Algo Poetry-Behind the Lines

I feel the need, the need for Stead!

A book I would recommend for any poet.

I have just finished the above book, published in 1967, and wanted to recommend it to any writer of poetry. It is written by C.K. Stead and covers the fragmentation of the Romantic movement at the end of the 19th century, the Imagist movement, and focuses heavily on Yeats and Eliot. More important, I think he has constructed a theory on what makes great poetry great.

I discovered this eye opening insight in the brilliant book and charity stores of Botanic Avenue in Belfast, and parted with two British pounds for it. In reading up on Stead, he is a poet and highly decorated author from New Zealand (ONZ,CBE) who is still with us- and the book highlighted above was… his first book!!!!.

Stead contends that great poetry exists in a triangle of -Poet, Audience and the area of Experience, ( subject that they are writing about). He proposes that great poetry is that which is like an equilateral triangle in terms of distance achieved between all three points. (See my crude illustration of such)

My Stead Try-angle

This, to me, was a revelation and his pinpointing of Yeat’s “Easter 1916” as an example of this perfectly proportioned triangle was superb.. He also explains why poets in ages may have been considered “ahead of their time” and not achieved success during their own lifetime-in that the poet had the right distance from their area of experience , but were too far away from their audience at that time.

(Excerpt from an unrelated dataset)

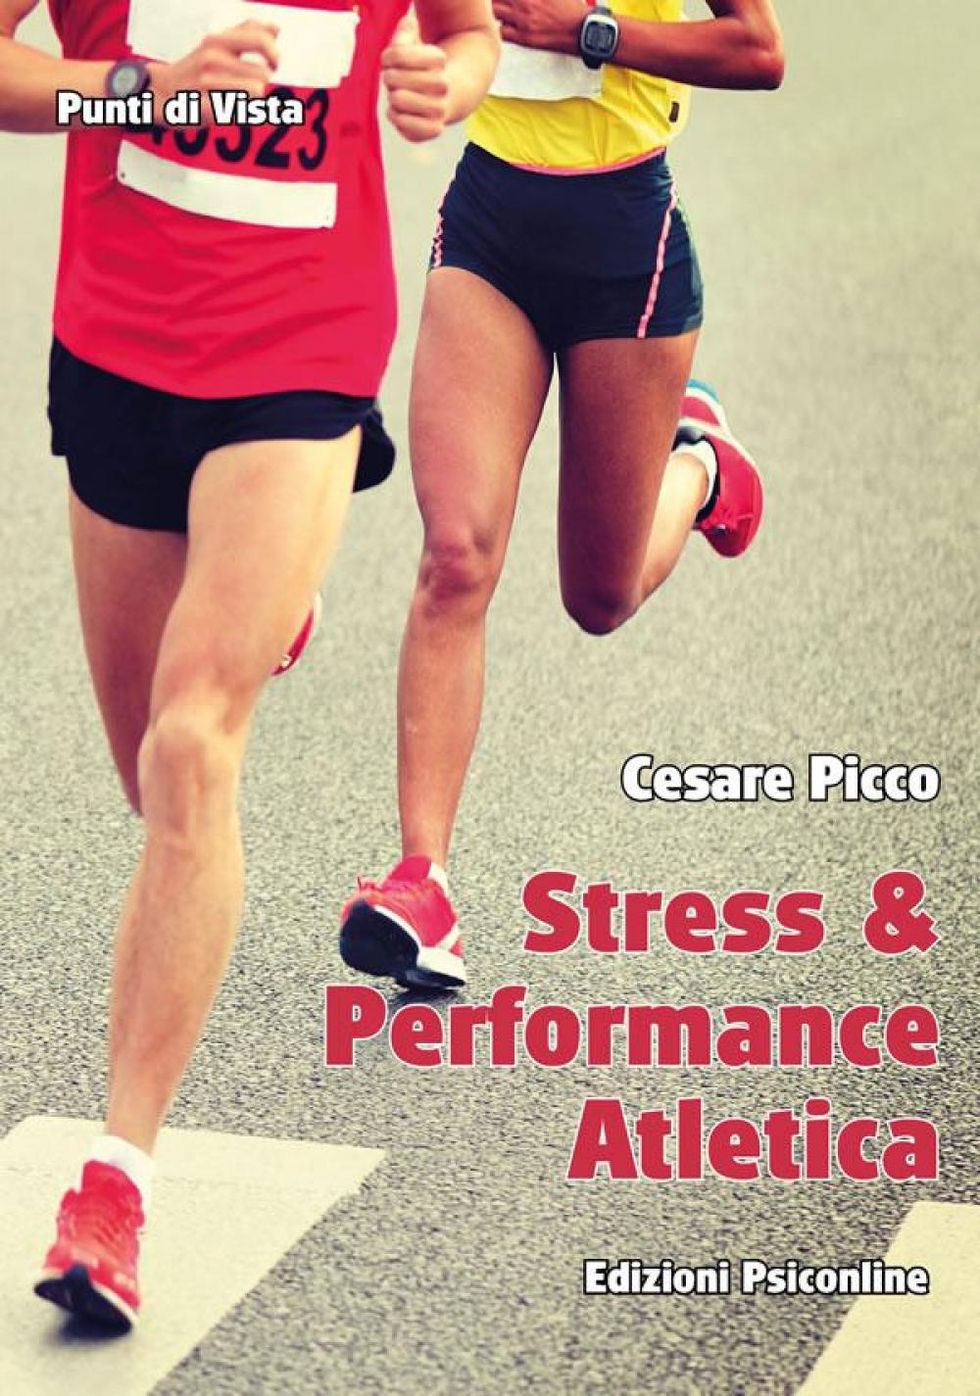 La cover di "Stress & Performance Atletica” di Cesare Picco, edito da Edizioni Psiconline

The author’s analysis could also be considered ahead of it’s time- his insights into inspiration, negative capability, “surface” poetry and the use of a poetic mask to go even further into the self and subconscious is ridiculously revelatory.

There is also a fantastic chapter on Eliot, and his analysis of the Four Quartets is worth a book in it’s own right.

I see it is still available on Amazon, so pick up a copy if you can-wonderful.

My next purchase, based on this unexpected educational experience, will be another book by Stead- “My Name was Judas”, (2006)-with the author as ghostwriter to the apostle, who recounts his side of the story- forty years later. Sounds fun!